Quizás porque no quería que me trataran de loco o demente. Sin embargo,
curiosamente, un hombre olvida todo lo que lo atormenta cuando está
llegando al final de su vida; como si fuera alguien más, con otros miedos y otras
desconfianzas. Y se olvida de que aún sigue vivo, y sigue siendo la misma persona. Tal
vez, el hecho de saber que queda poco tiempo puede transformar al ser humano y
entonces decide hacer y decir todo lo que no se atrevió antes. Parece una tontería,
pero así de cobardes somos. De todas maneras, me encuentro en esta misma absurda
situación: soy solo un hombre solitario y moribundo intentando contar su historia; una
historia increíble y que, por esta misma razón, pensaba llevarme a mi tumba.
Era una helada noche de diciembre, lo recuerdo porque todo el pueblo estaba
decorado con adornos navideños. Odiaba esta época del año: todos con sus familias y
amigos reunidos esperando la ansiada noche buena y navidad. Y yo, bueno, como dije
soy un hombre solitario. Pero no siempre fui así.
Me encontraba en mi sala ojeando un olvidado libro de ciencia que ni siquiera me
interesaba. La verdad, yo solo estaba pasando las páginas del viejo infolio mientras me
hundía en la pena y la angustia de la pérdida de quien había sido mi mujer antes de
que los ángeles decidieran velarla por siempre.
Ya medio adormecido, me estremecí con el ruido de alguien llamando a mi puerta.
“Qué raro… ¿Visitas a esta hora?”. Me levanté del sillón en el que minutos antes
recordaba a mi amada y abrí la puerta. Nada. Nada ni nadie. Solo oscuridad y un
profundo silencio. “Habrá sido el viento”, pensé. Y volví a mi asiento en habitual
soledad. Antes de que pudiera sentarme el sonido de la llamada se repitió. Esta vez,
más fuerte. El miedo quemaba mi alma y no sabía qué hacer. Decidí abrir la ventana
mientras me repetía “Es solo el viento” con intenciones vanas de calmarme.

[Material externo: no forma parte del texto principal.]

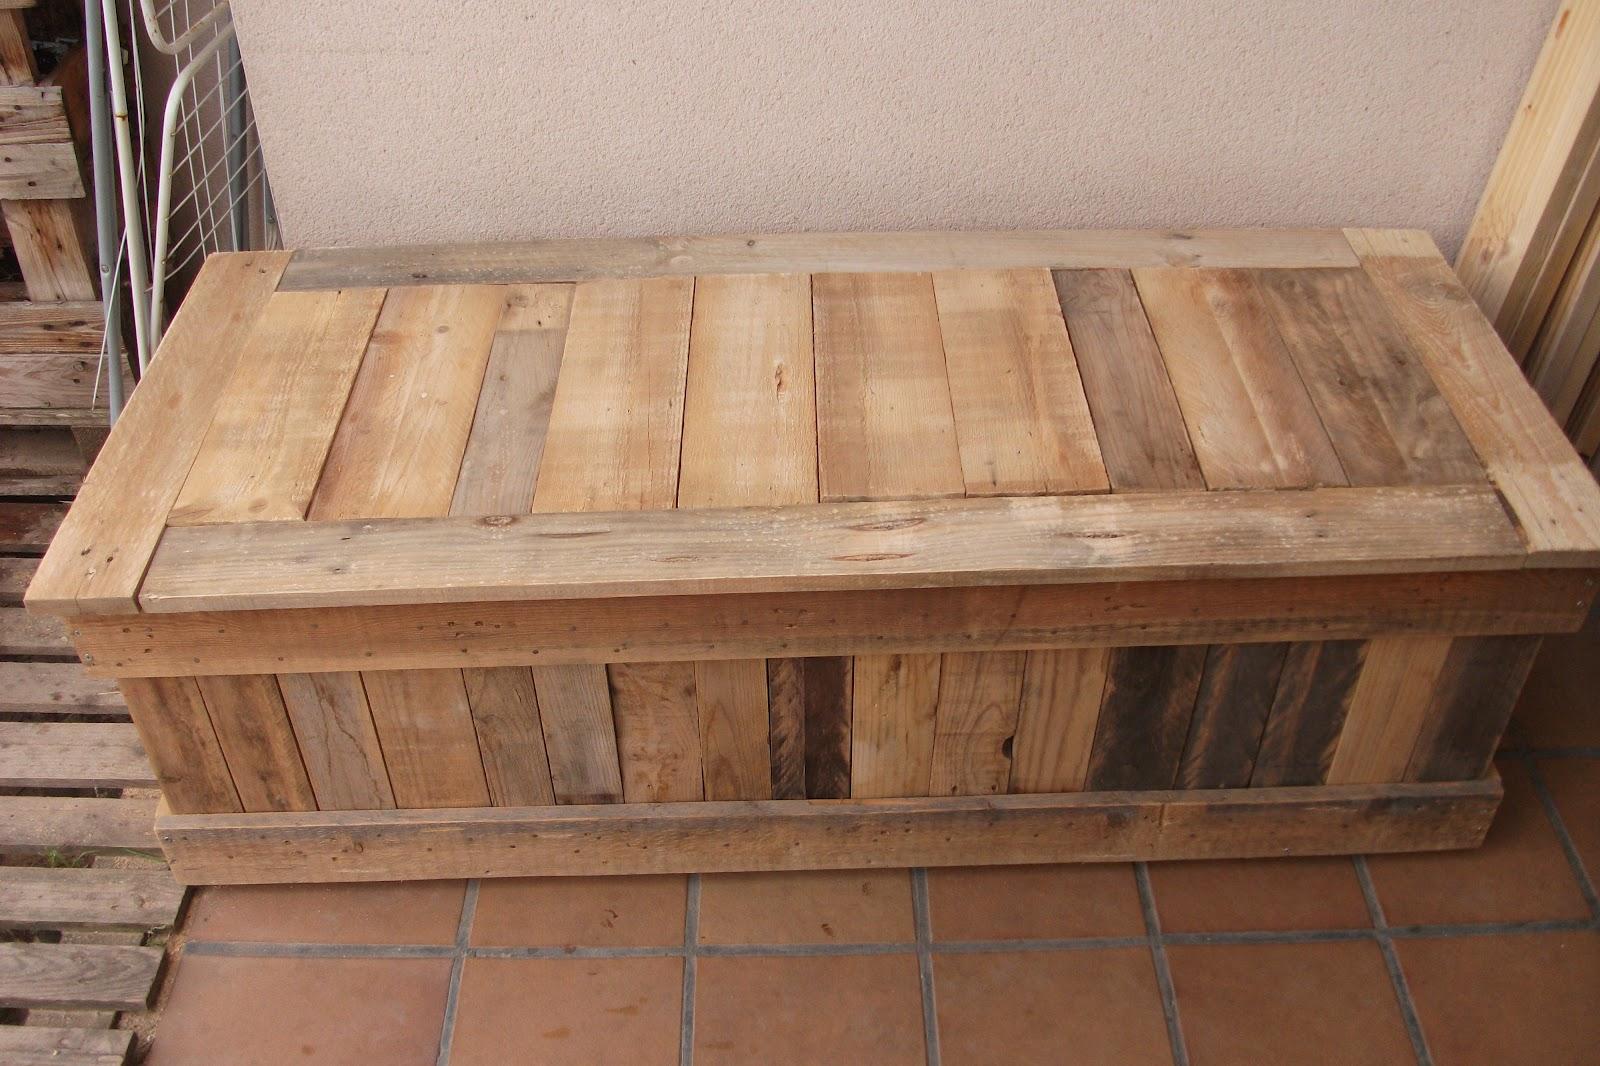 Reciclar palet stunning reciclar palets de madera with - Ideas para reciclar unos palets ...

Al abrirla, entró con airoso revuelo un cuervo negro. Simplemente entró y se posó
sobre un busto de Palas sobre el dintel de mi puerta. Y nada más. Con su
majestuosidad el feo animal convirtió mi tristeza en sonrisa. “A pesar de tu fealdad,
pájaro, cobarde no eres. Revélame tu nombre” le dije al ave sin esperar respuesta
alguna, dado que estaría loco si lo hiciera. “Nunca más” respondió el cuervo. Su
respuesta me sorprendió, pues el oscuro visitante había hablado. Entonces el aire me
pareció más denso y el perfume del aromatizador que se balanceaba por los ángeles
que lo traían nubló mis sentidos. Aquel aroma me recordaba a mi amada.
“¡Miserable!”, dije, “Bebe el nepente 1, olvida ya a Leonora”. “Nunca más”, respondió el
ave. “¡Que sea esta palabra la señal de nuestro adiós! Déjame en mi soledad, y solo
vete”. El cuervo dijo: “Nunca más”. Su calma era exasperante. “Sin duda estas debieron
haber sido las únicas dos palabras que aprendiste de un pobre amo desdichado”. Pero
el cuervo no se movía; no tenía intenciones de marcharse. Entonces puse mi sillón en
el que adormilado ahogaba mis penas en frente del busto y de la criatura. El pájaro
seguía repitiendo “nunca más, nunca más”.
Sentado, meditaba mientras la mirada del ave estaba posada en mí. Me relajé y apoyé
mi cabeza en el almohadón de la cabecera de mi asiento, el que antes pertenecía a mi
esposa.
1
Bebida que los dioses usaban para curarse las heridas o dolores, y que además
producía olvido, como las aguas del Leteo
El cuervo, inmóvil, seguía aún posado sobre el busto de Palas sobre la puerta de mi
estancia; sus ojos son de un demonio que sueña. La luz de mi lámpara proyecta su
sombra por el suelo. “Nunca más, nunca más”, repetía el pájaro. Mi alma nunca más se
alzará fuera de esa flotante sombra. Nunca más vería a mi amada. Nunca más me
libraría del cuervo. “Nunca más” me repetía a mí mismo. “Nunca más”.